Preface

Modern computers still follow the Von Neumann architecture. In this architecture, memory/storage is the key piece: both persistent data and the working space for computation depend on it. In an ideal world, a storage device should have the following properties:
- It should be extremely fast—at least fast enough to keep up with the CPU executing instructions—so the CPU has unlimited room to perform and won’t be bottlenecked by memory.
- It should have a large enough capacity. In the digital era, more and more data needs to be persisted, and storage shouldn’t be constrained by capacity.
- It should be cheap enough. Low cost means all kinds of computers can be equipped with it—i.e., it can reach consumer-grade adoption for most people.
Hierarchical Memory Structure
So, does such an ideal storage device really exist? With today’s chip industry, we can’t satisfy all of the above at the same time—mostly due to cost constraints. That’s why computers adopt a hierarchical memory model like this:

From top to bottom:
-
The fastest to access is the registers, because they’re packaged inside the CPU, and made with the same materials/process as the CPU. So their speed can match the CPU’s, and CPU access to registers is basically zero-latency. But everyone knows the CPU is the pinnacle of human manufacturing—registers are expensive, so their capacity is tiny. Typically, CPU registers are bit-level in size and only store CPU instructions.
-
Next is the CPU’s multi-level cache, also called cache memory. Intel and AMD now both ship three levels: L1, L2, L3. Generally, L1 is per-core “private” memory, L3 is shared, and L2 differs by vendor design. Intel consumer Core uses a shared L2 design, while AMD consumer Ryzen uses a private design. This part is also inside the CPU package, and capacity is still small: L1 and L2 are usually KB-level, and L3 can reach MB-level. For example, Intel 11th-gen Core i5-11400 has 12MB L3, and AMD Ryzen 5600X has 32MB L3 (quietly~ amd yes).
-
Then comes the more familiar RAM, the computer’s main memory, usually called Random Access Memory. It’s internal storage that exchanges data directly with the CPU. It can be read/written at any time and is fast, but it’s volatile—power off and the data is gone. This part is configurable (what people call “adding RAM sticks”), typically GB-level.
-
Finally, there’s the disk. Compared to main memory, disk is about three orders of magnitude slower, so it’s much cheaper and thus much larger in capacity—often TBs or hundreds of GB. SSDs use silicon semiconductor storage, while HDDs use a mechanical arm + head to read sectors on metal platters.

Main Memory
Memory is absolutely critical for OS I/O operations. The vast majority of work happens between user processes and kernel buffers, because memory is faster than disk, and larger than CPU cache. So next, we need to understand some memory-related concepts.
Physical Memory
Physical memory is the real “third layer” mentioned above. It’s plugged into the motherboard and used to load all kinds of programs and data for the CPU to read.
Virtual Memory
So why do we introduce the concept of virtual memory? From a computer organization perspective, physical memory is where applications are loaded. But from an OS perspective, directly operating on physical memory has many limitations.
Because each application requesting memory needs a whole contiguous region, you can end up with situations like this: you open apps one by one, and they fill up physical memory. Then you want to play a game—you need to keep WeChat for voice chat and keep NetEase Cloud Music playing. QQ and Bilibili can be killed. But because NetEase Cloud Music sits in the middle, the game (Honor of Kings) needs one big contiguous block and can’t get it. You end up with “fake full” memory, which is obviously unreasonable.

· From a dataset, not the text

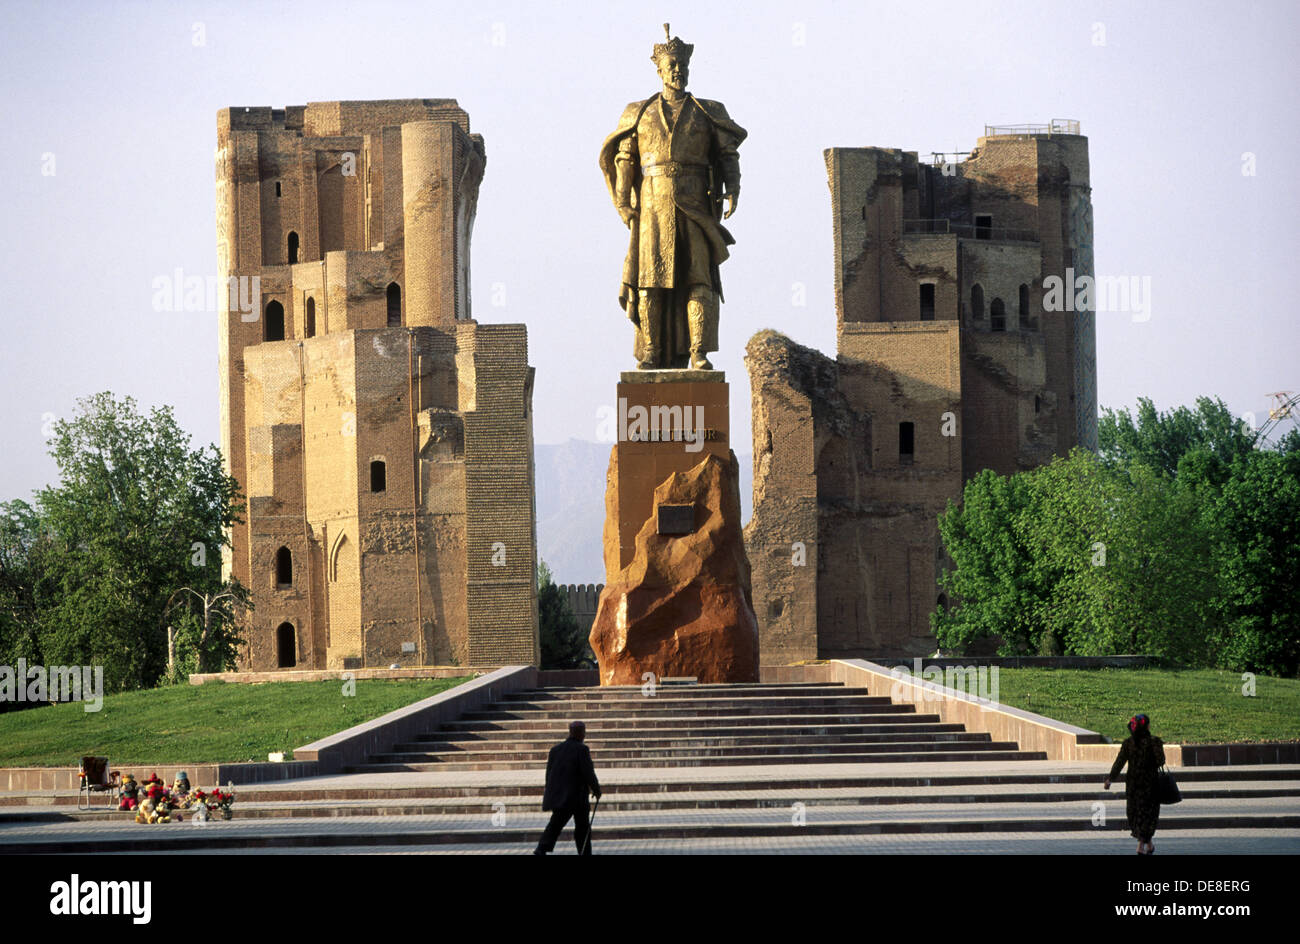 Statue of Amir Timur (Tamerlane), Turkic conqueror, and Ak-Saray Palace. Shakrisabz. Uzbekistan - Stock Image

So, virtual memory comes in. The core idea of virtual memory is: give each program a “contiguous” virtual address space, split that address space into multiple pages (page) with contiguous address ranges, and map these pages to physical memory. During program execution, pages are dynamically mapped into physical memory. When a program references an address range that is in physical memory, the hardware immediately performs the necessary mapping; when it references an address range not in physical memory, the OS is responsible for loading the missing part into physical memory and re-executing the failed instruction.
The virtual address space is divided into fixed-size units called pages (page), and the corresponding units in physical memory are page frames (page frame). Generally they’re the same size—like 4KB in the figure above—but in real systems it can range from 512 bytes up to 1GB. This is the paging technique of virtual memory. Since it’s virtual address space, each process gets 4GB (on a 32-bit architecture). Of course, it’s impossible to allocate 4GB of physical memory to every running process. So there’s also a technique called swapping: during execution, only the currently used memory is mapped/allocated; data that isn’t used temporarily is written back to disk as a copy, and read back into memory when needed—dynamically swapping data between disk and memory.

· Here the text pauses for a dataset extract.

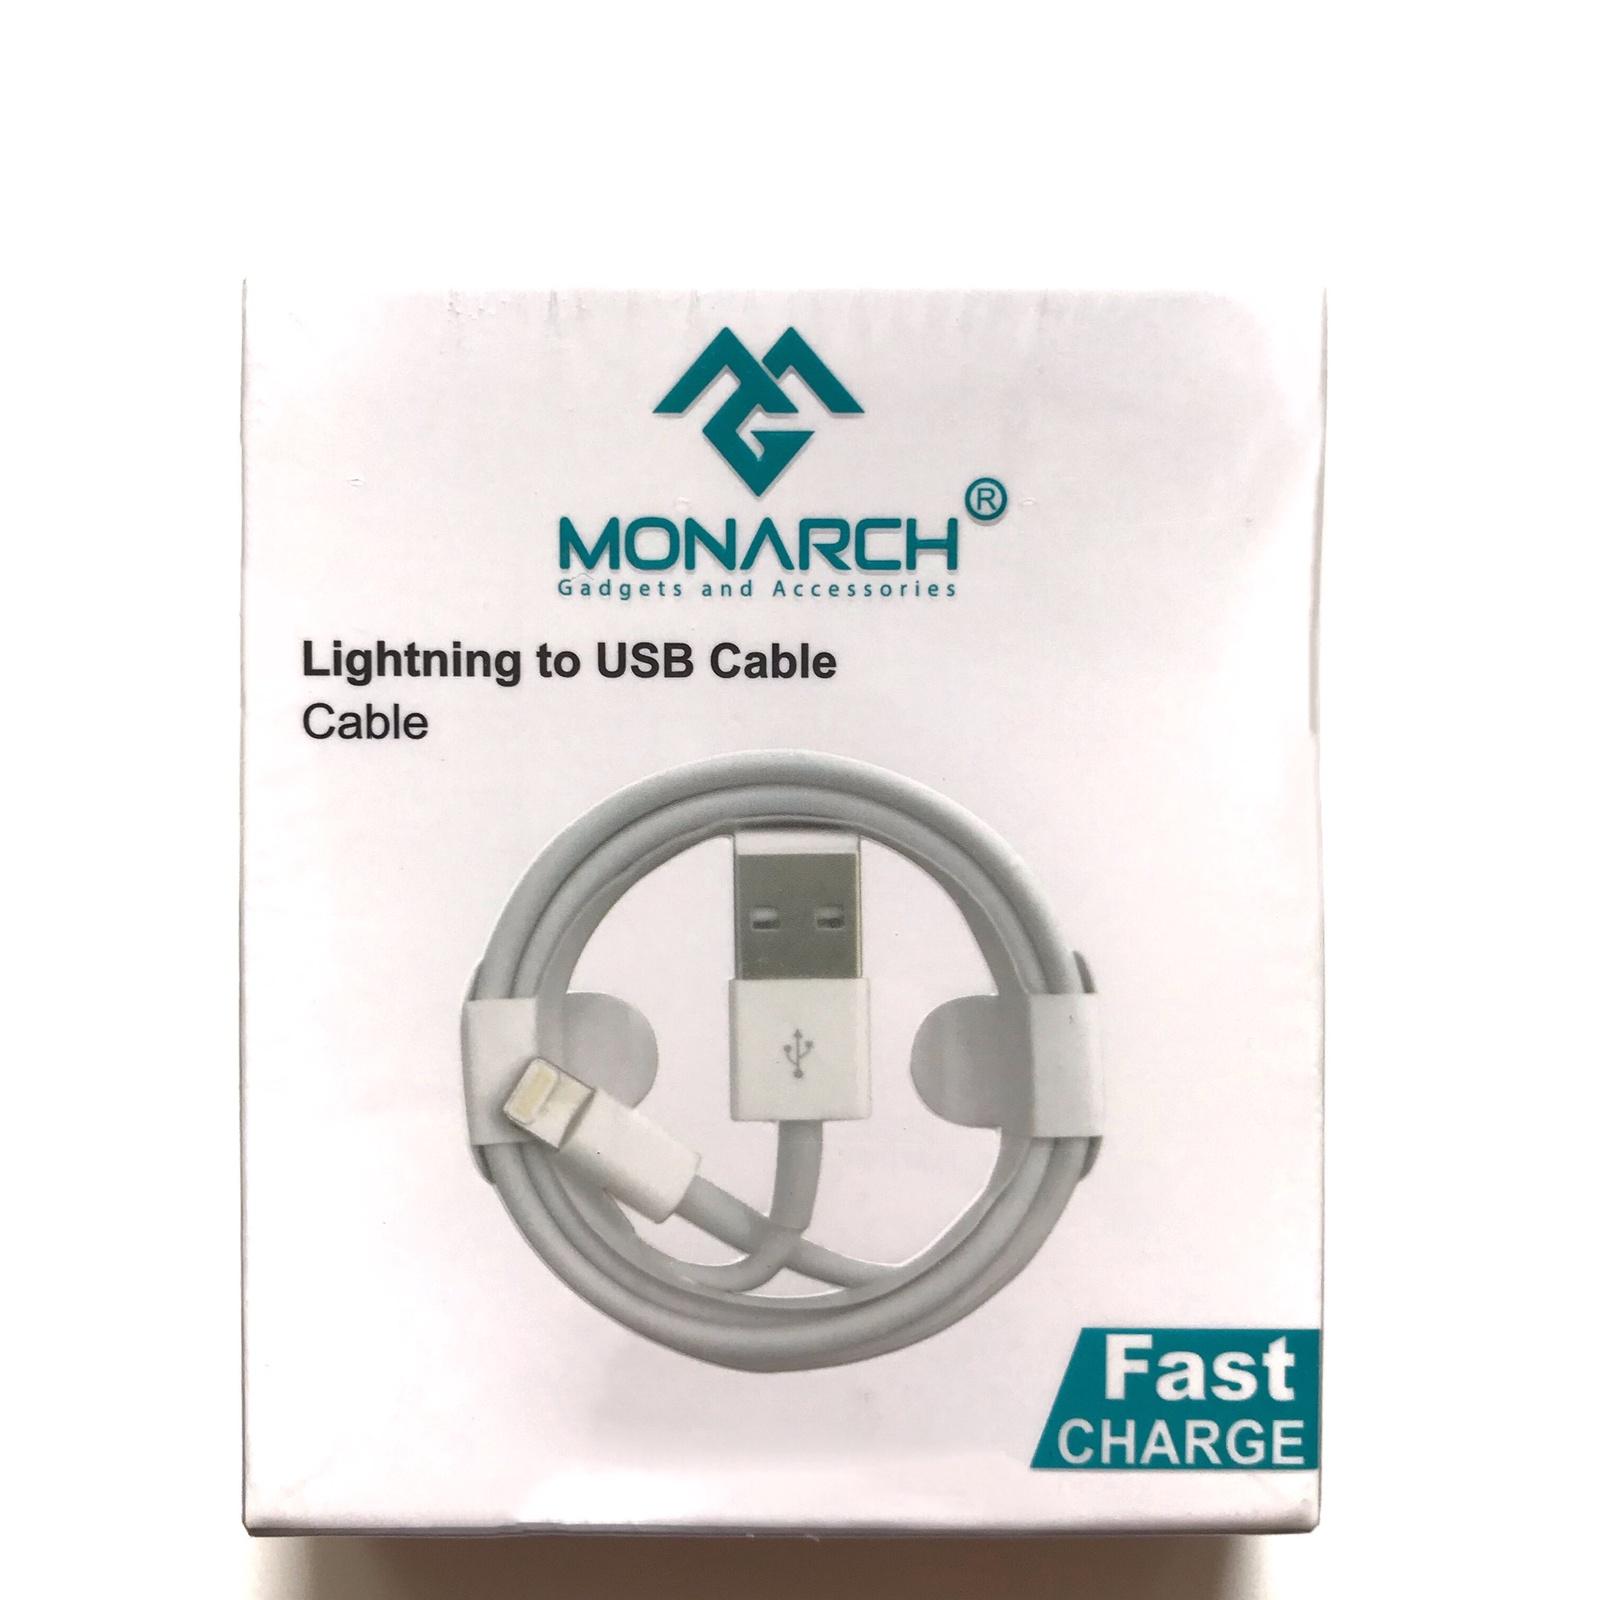 Кабель Monarch USB Fast Charge для зарядки и синхронизации

One benefit here is: the memory a user program requests is virtual memory. When virtual memory maps to physical memory, the physical memory does not need to be contiguous. This brings us to the Memory Management Unit (MMU): when accessing virtual memory, the CPU sends virtual addresses to the MMU via the address bus; the MMU maps the virtual address to a physical address, then accesses physical memory via the memory bus.
Finally, there’s one more concept to know: the Translation Lookaside Buffer (TLB), also called the “fast table.” It accelerates virtual-to-physical address translation. Because of paging, the page table is typically stored in a fixed region of memory, which means a process accessing memory via the MMU incurs an extra memory access compared to direct memory access—performance can drop by at least half. So we introduce an acceleration mechanism: the TLB. You can think of the TLB as a cache of the page table, storing the most frequently accessed page table entries. Since it’s usually implemented in hardware, it’s extremely fast. When the MMU receives a virtual address, it typically queries the hardware TLB first for the corresponding page table entry. If it hits and the access is legal, it directly returns the physical page frame number from the TLB. If it misses, it falls through to the in-memory page table, and then replaces one of the existing TLB entries with the newly fetched page table entry for future hits.
I/O Buffer
Since I’ll introduce I/O later, while we’re talking about memory, let me mention buffers as well. Linux read() and write() are the most basic I/O system calls, and there’s a buffer between these two system calls. The so-called I/O buffer is a layer of buffering between kernel space (I’ll cover this next time) and peripherals like disks and NICs, used to improve read/write performance.
Common ones during transfer are the Kernel Buffer Cache (reading from disk) and Socket Cache (writing to the NIC). The former is a collective term for Page Cache and Buffer Cache. One thing worth noting: people like to call the Page Cache disk cache, but this storage is actually in memory—even though it has “disk” in the name…
Why do we have this “disk cache”? Because reading/writing memory is much faster than reading/writing disk. If we can turn disk I/O into memory I/O, efficiency improves a lot. If RAM and disk had the same cost per capacity, we wouldn’t have so many headaches—but reality is harsh. Also, program execution has locality: you don’t need to access all data every time, and there’s usually hot data—data accessed recently has a high probability of being accessed again soon. So OS designers created the disk cache to cache recently accessed data, and when space is insufficient, it uses LRU to evict the least recently used cache entries.
The flow is: when reading disk data, check the Page Cache first. If the data exists, return it directly. If not, read from disk, then cache it in the Page Cache for next time. Lots of research shows that after reading a block, adjacent blocks are very likely to be read next, so the Page Cache provides read-ahead: it secretly reads a bit more each time. If it’s not accessed for a long time, it’ll be evicted anyway; if it hits, the payoff is huge.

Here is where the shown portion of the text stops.